Note:
This topic has been translated from a Chinese forum by GPT and might contain errors.
Original topic: tidb 是不是没有办法比较准确的求出数据压缩前的数据大小
Dear experts, may I ask, it seems that TiDB cannot accurately determine the size of the data before compression, right? The value obtained using information_schema.tables should be the size of the data before compression, but this is also an estimated value. Just like MySQL, it is actually not possible to determine the accurate data size.
You can set the default compression ratio to 3.5, and then back-calculate, but this is just an approximation.
In the PD panel under Statistics - balance, you can see the compression ratio.
This should not be the compression ratio. I see that my cluster has 9 here, and it’s impossible for the compression ratio to be 9 times.
I have seen a 9x difference. There are two more charts in this panel, one is Store used and the other is Store Region size. Try dividing these two data points and see.
The store region size should be the sum of the estimated logical sizes of all regions on one TiKV store, which is likely to have some errors.

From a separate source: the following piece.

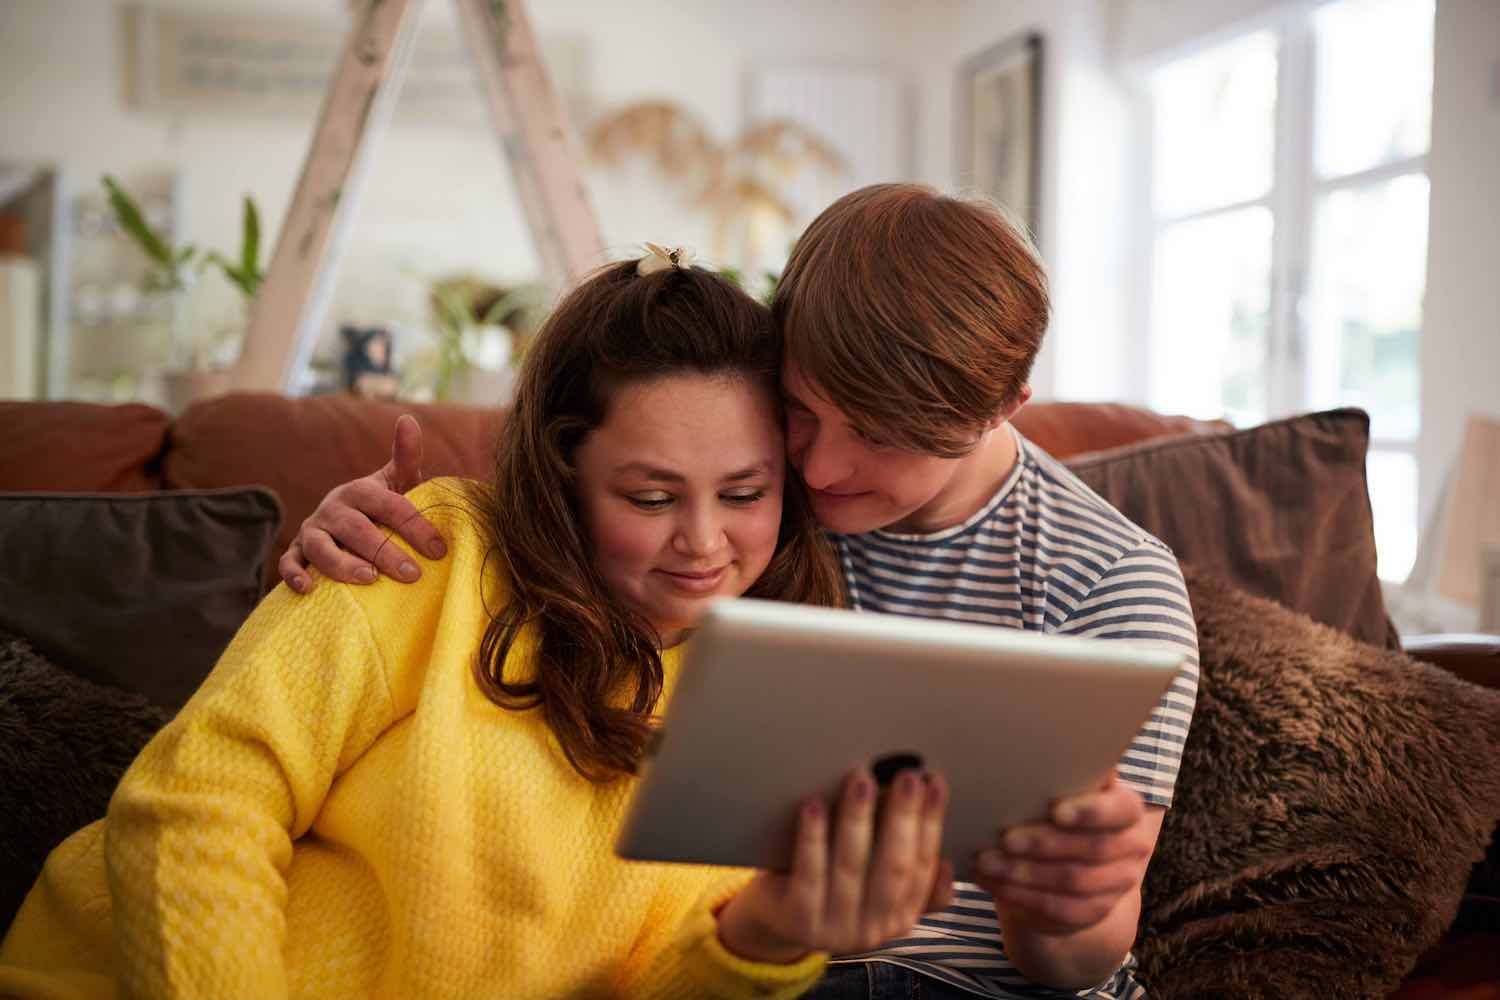 A man and woman are sitting on a couch looking at a tablet.
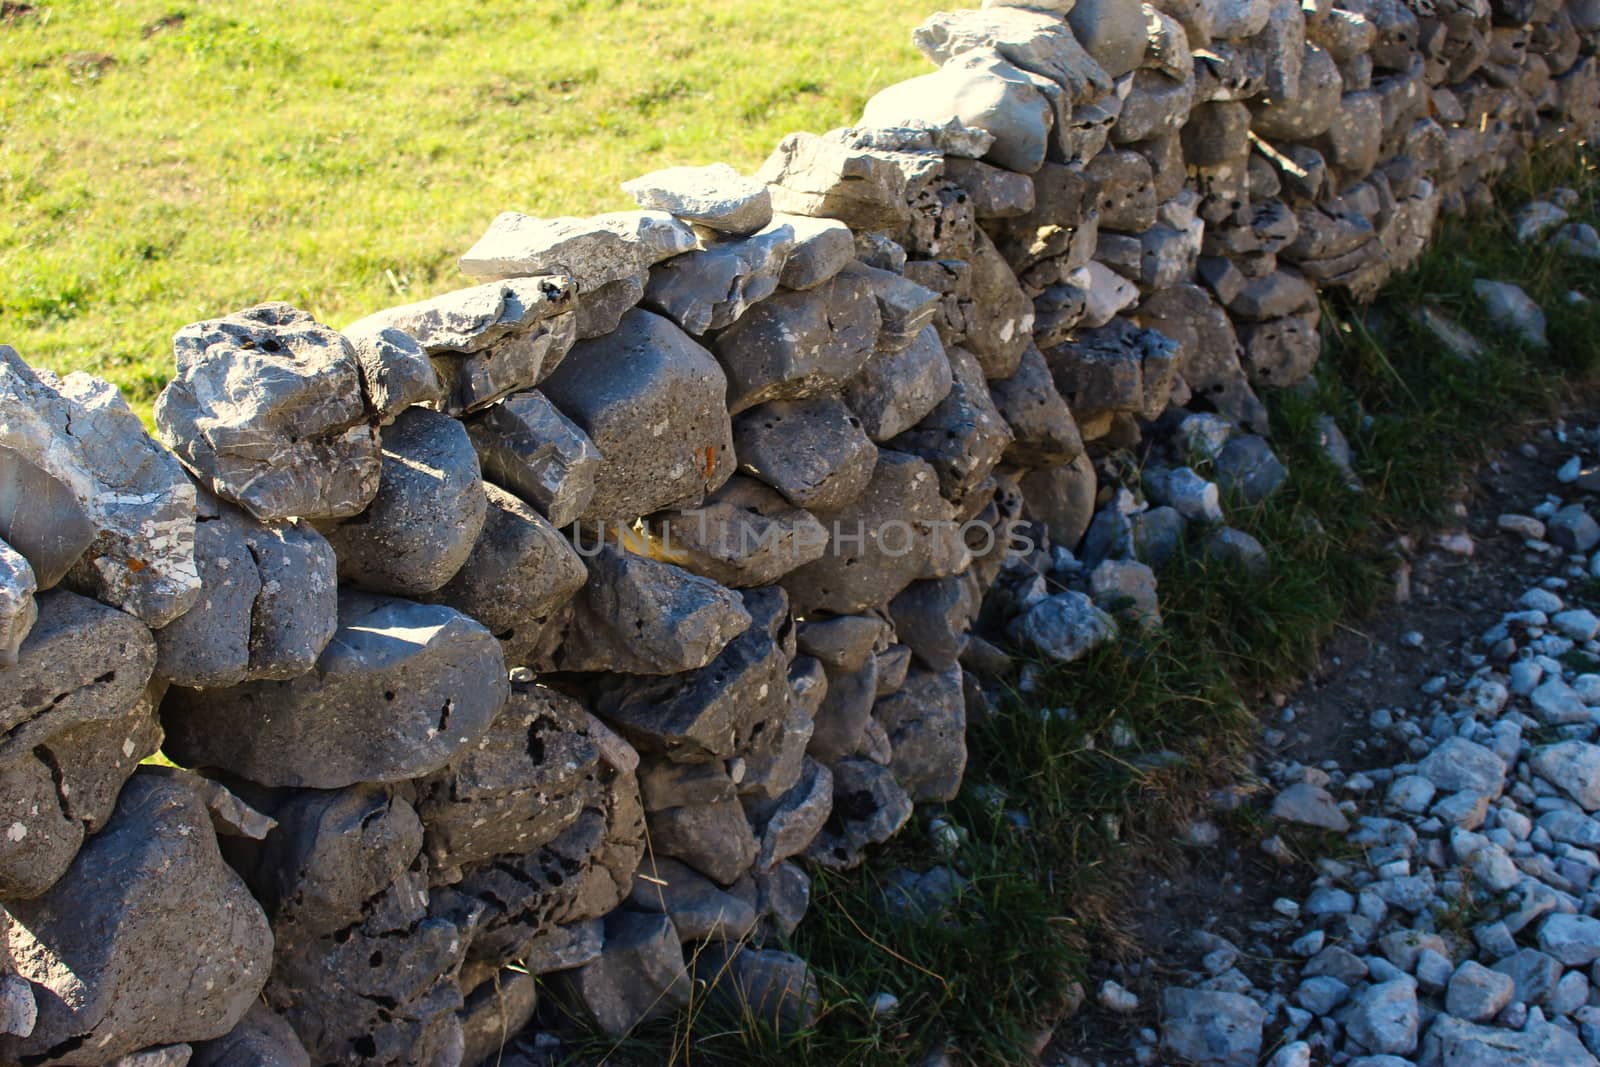 Large stones stacked in the wall to fence off the field from the road. Road to the old Bosnian village of Lukomir. Bjelasnica Mountain, Bosnia and Herzegovina.

There is definitely an error. According to the monitoring, the size before compression is the Store Region size, and the size after compression is the Store used.
So, may I ask, if we query the size of a table or database through information_schema.tables, is this size for 1 TiKV replica or 3 TiKV replicas?
This type of query requires very accurate statistical information, and it looks like it’s for 1 replica.